Mais elle gardait du caractère, du chien, de la folie ! Ses coups de gueule, ses durançades étaient redoutés des hommes qui la traitaient de tous les noms : "la mauvaise", comme une mauvaise mère qui repousse ses enfants, voire les dévore, ou encore "la rapide", toujours en course folle tourneboulant les radeliers qui osaient la chevaucher, ou encore "celle qui ramasse tout sur son passage", chargée de troncs de chênes et de lambeaux de montagne, et toujours "l’indomptable aux rives incertaines", prête à déborder, dévaster, détruire. L'assassineuse, quoi ! Le troisième fléau de la Provence, c'était elle, après le mistral et le Parlement. Malheur à ceux qui l’approchaient de trop près, malheur à ceux qui voulaient la traverser sur les bacs, ils n’étaient jamais certains d’atteindre l’autre rive, malheur à ceux qui voulaient la naviguer, ils n’étaient jamais certains d’atteindre le port. Torrent elle était, torrentielle elle restait. Descendant de deux mille mètres sur trois cents kilomètres, elle ne manque pas d'élan vital. Quelle énergie, quelle force ! Les hommes gîtaient loin d’elle sur les hauteurs, de peur de ses ruades. Mais ils avaient besoin d’elle, des voies de communication qu’elle ouvrait, comme la voie domitienne, pour les marchands, les troupeaux transhumants, pour les voyageurs, les colporteurs, les pèlerins allant à Rome ou Compostelle. Ils avaient besoin de sa force pour descendre par flottage ou radelage les bois de Boscodon, les tonneaux et la laine des moutons, de ses chemins de halage pour les échanges entre la mer et la montagne. Ils avaient besoin d'elle pour le vin et le sel de Berre. Et les bergers y cueillaient la variolite pour guérir les maladies des moutons. Dans le couloir entre la haute et la basse Durance circulaient, dans les deux sens, les biens et les bras.
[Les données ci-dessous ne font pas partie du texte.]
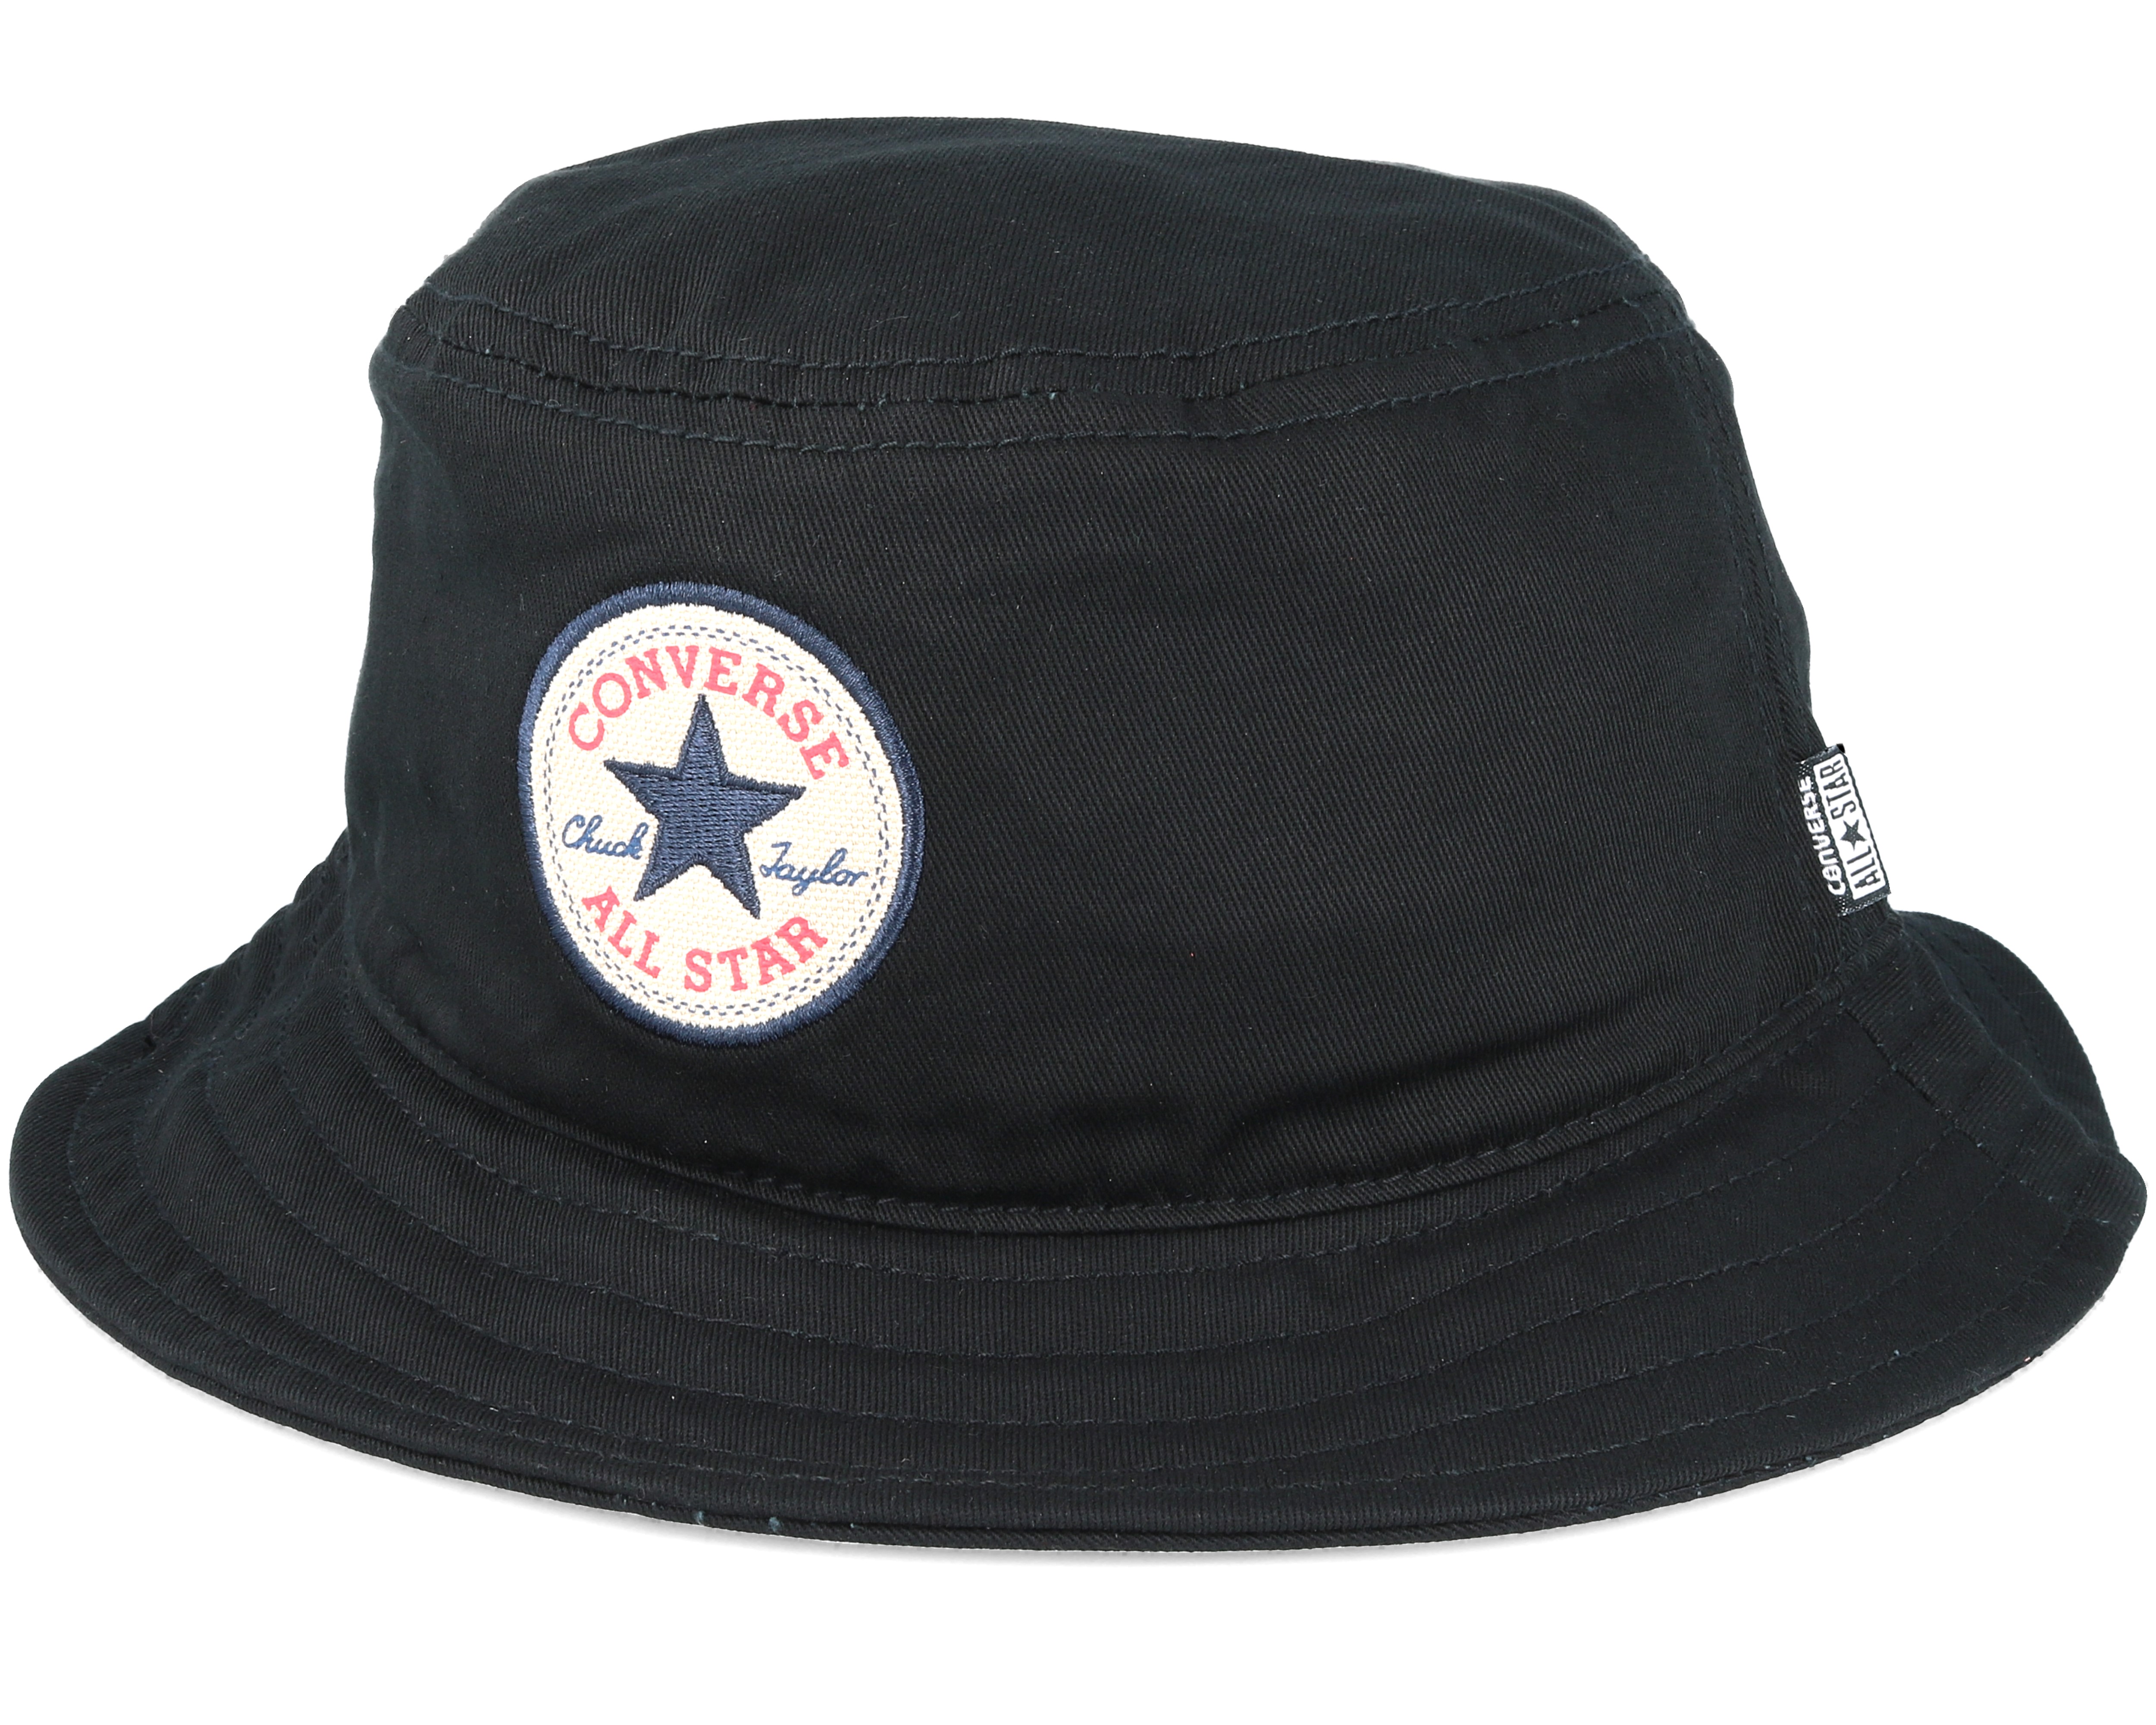 Black Bucket - Converse hat |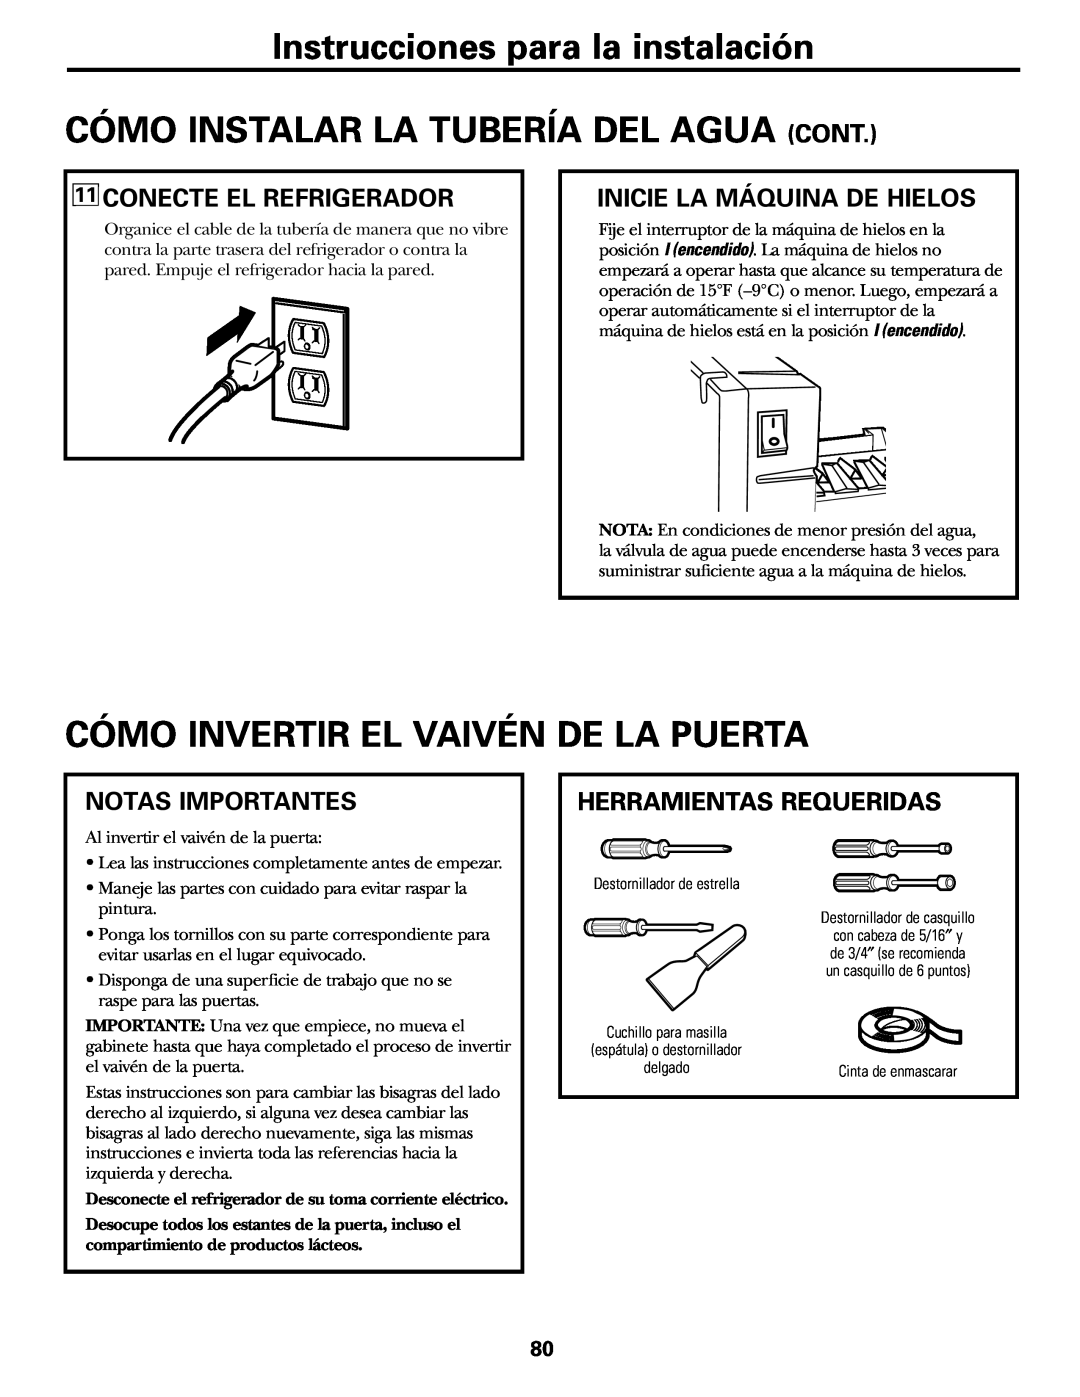 GE 200D2463P002 Cómo Invertir El Vaivén De La Puerta, Conecte El Refrigerador, Inicie La Máquina De Hielos

Les gavots descendaient moissonner et remontaient chez eux, au fil de la saison. Au long des siècles, les gens de la Durance tentèrent de l’approcher, de l’amadouer. Pendant deux mille ans, avec leurs modestes moyens d’hommes du passé, ils essayèrent de se la concilier, avec des prières, des oratoires, des chapelles, avec leurs bras et leurs bouts de ficelle, avec des processions, avec leurs bêtes de somme - les fameux mulets de Seyne - , avec rien quoi, rien de sérieux au regard de sa puissance. Elle restait invaincue. Elle ne pouvait pas déchoir une seconde fois, bien campée dans son orgueil d’Amazone de Provence.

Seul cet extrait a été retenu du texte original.